Los últimos estudios desarrollados por EuroEspes sobre la distribución de los genotipos CYP2D6 en pacientes de Alzheimer españoles muestran que un porcentaje de la población, aproximadamente el 15%, es portador de un defecto genético responsable de la mala respuesta a los fármacos inhibidores de la colinesterasa.

De ellos, un 9,03% cuenta con un «pobre» metabolismo de los inhibidores de la colinesterasa, dando lugar a efectos secundarios incluso cuando el fármaco se administra en dosis bajas, mientras que el otro 7,10% presenta un metabolismo «ultrarrápido» y requiere dosis más altas de estos fármacos para alcanzar el umbral de respuesta terapéutica necesario.

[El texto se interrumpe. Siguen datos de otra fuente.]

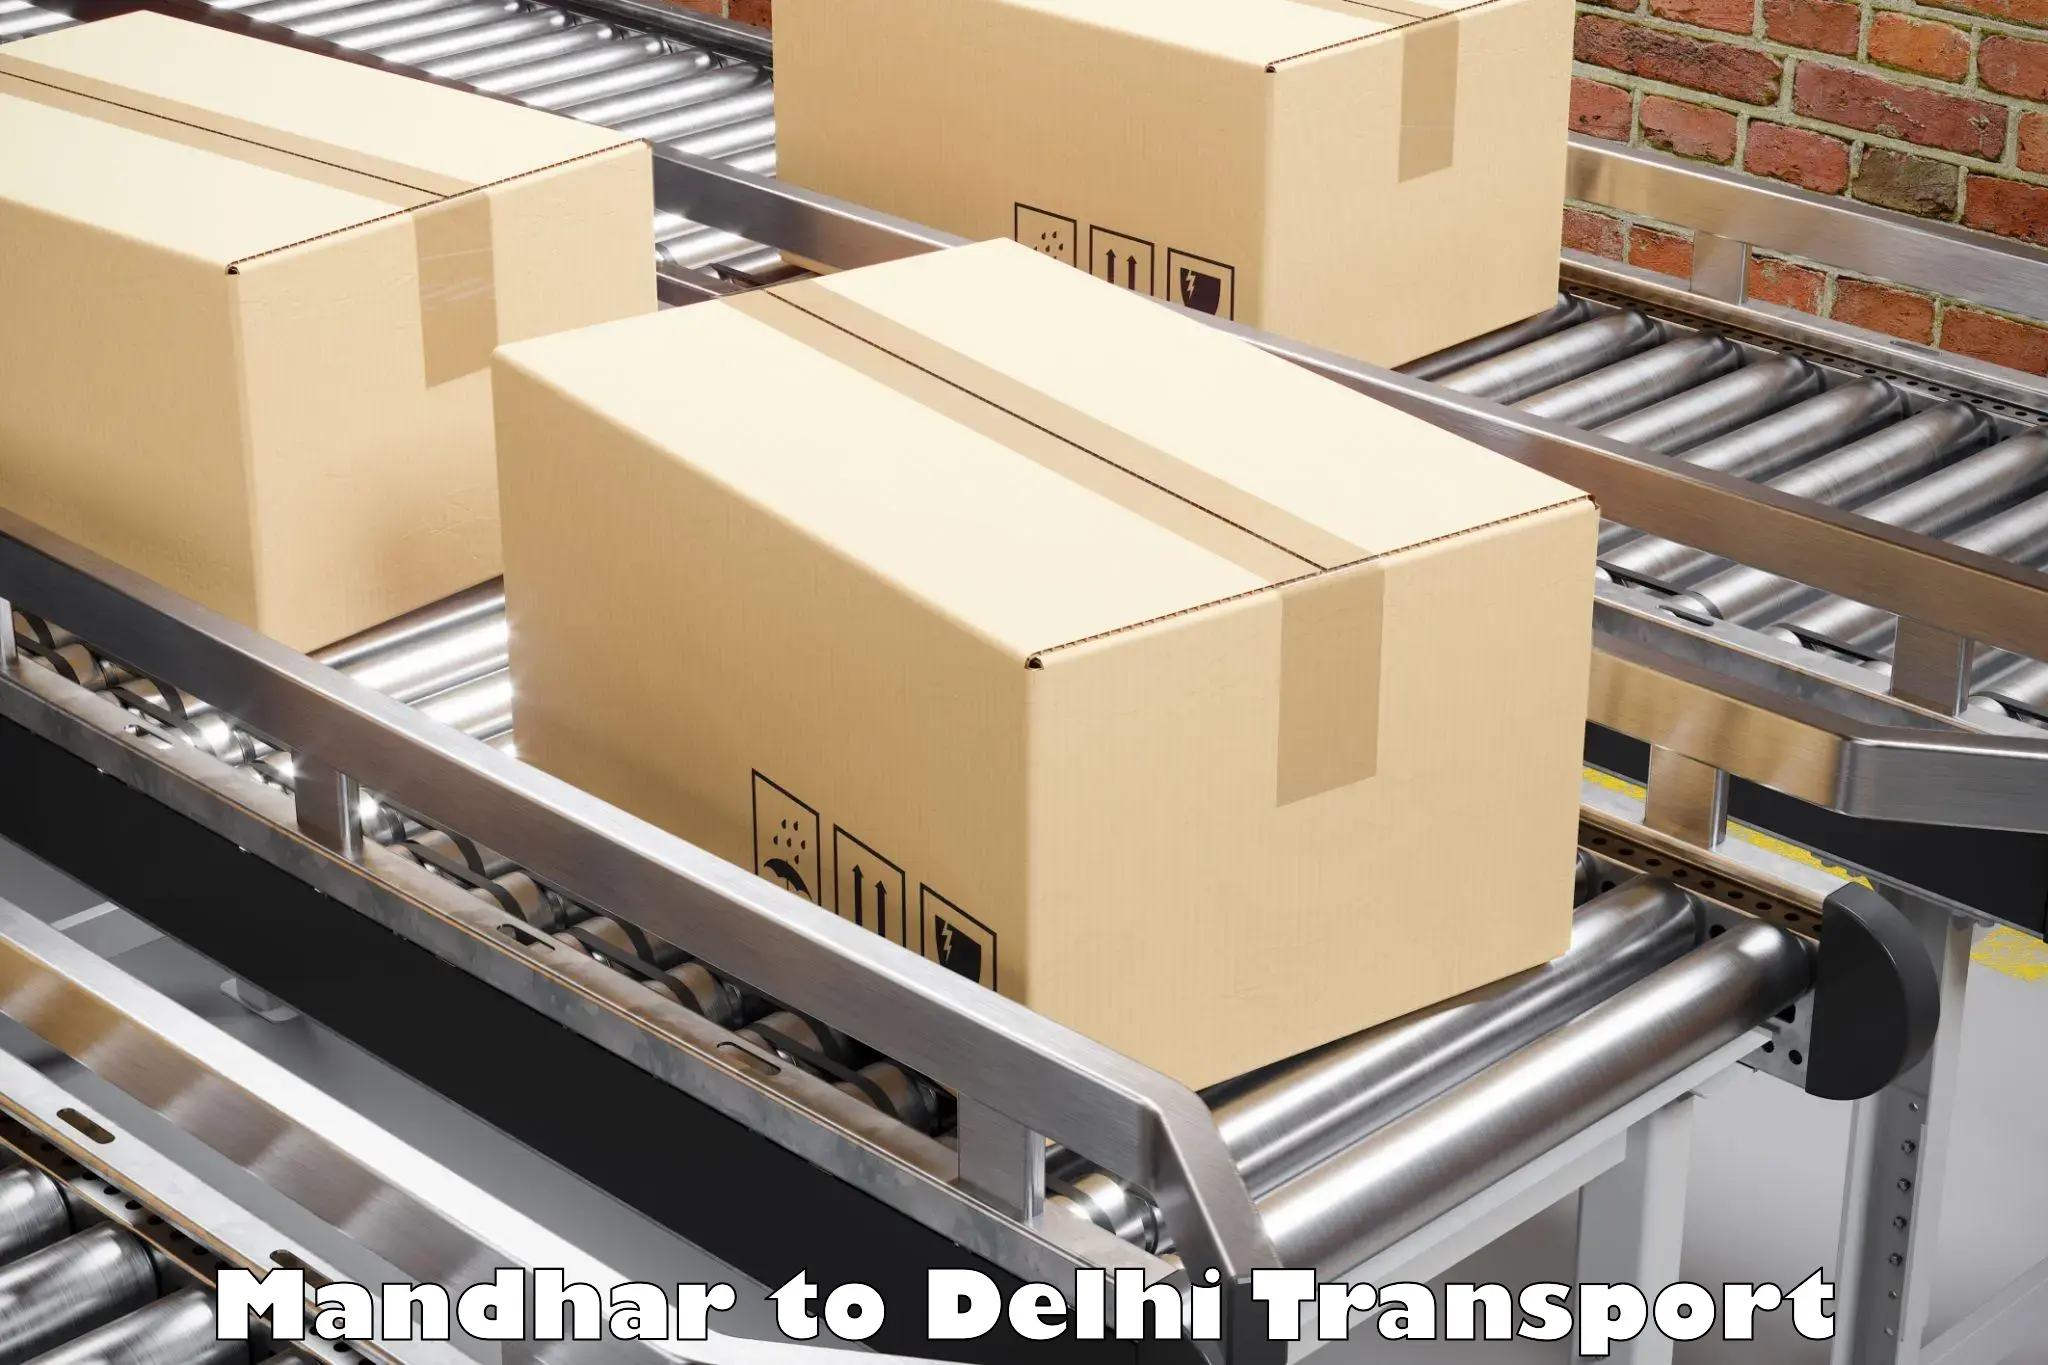 Commercial transport service Mandhar to Delhi Technological University DTU

Además, las investigaciones de EuroEspes demuestran que la terapia combinada de varios fármacos es más eficaz que la monoterapia. Según el Dr. Cacabelos, es muy difícil que una sóla molécula sea capaz de revertir los múltiples procesos que intervienen en el origen y evolución de la enfermedad de Alzheimer.

EFECTOS SECUNDARIOS

El doctor Cacabelos destacó que estudiar la influencia que tienen estos genes en la respuesta a los fármacos que tratan el Alzheimer puede contribuir a desarrollar estrategias de prevención y medicamentos a la medida del paciente, más eficaces y seguros, y reducir efectos secundarios.

Para el doctor Cacabelos, resulta necesario establecer protocolos preventivos para la población de riesgo, sobre todo los descendientes directos de las personas que tienen demencia, y promover estudios de farmacogenómica que posibiliten el desarrollo de nuevos fármacos para optimizar el tratamiento y reducir sus efectos indeseados.

«El binomio farmacogenética-farmacogenómica nos permite optimizar el tratamiento para dar el medicamento adecuado a la persona adecuada en la dosis correcta, evitando con ello los efectos secundarios y gastos innecesarios para el ciudadano y para los fondos estatales dedicados a sanidad», concluyó el científico.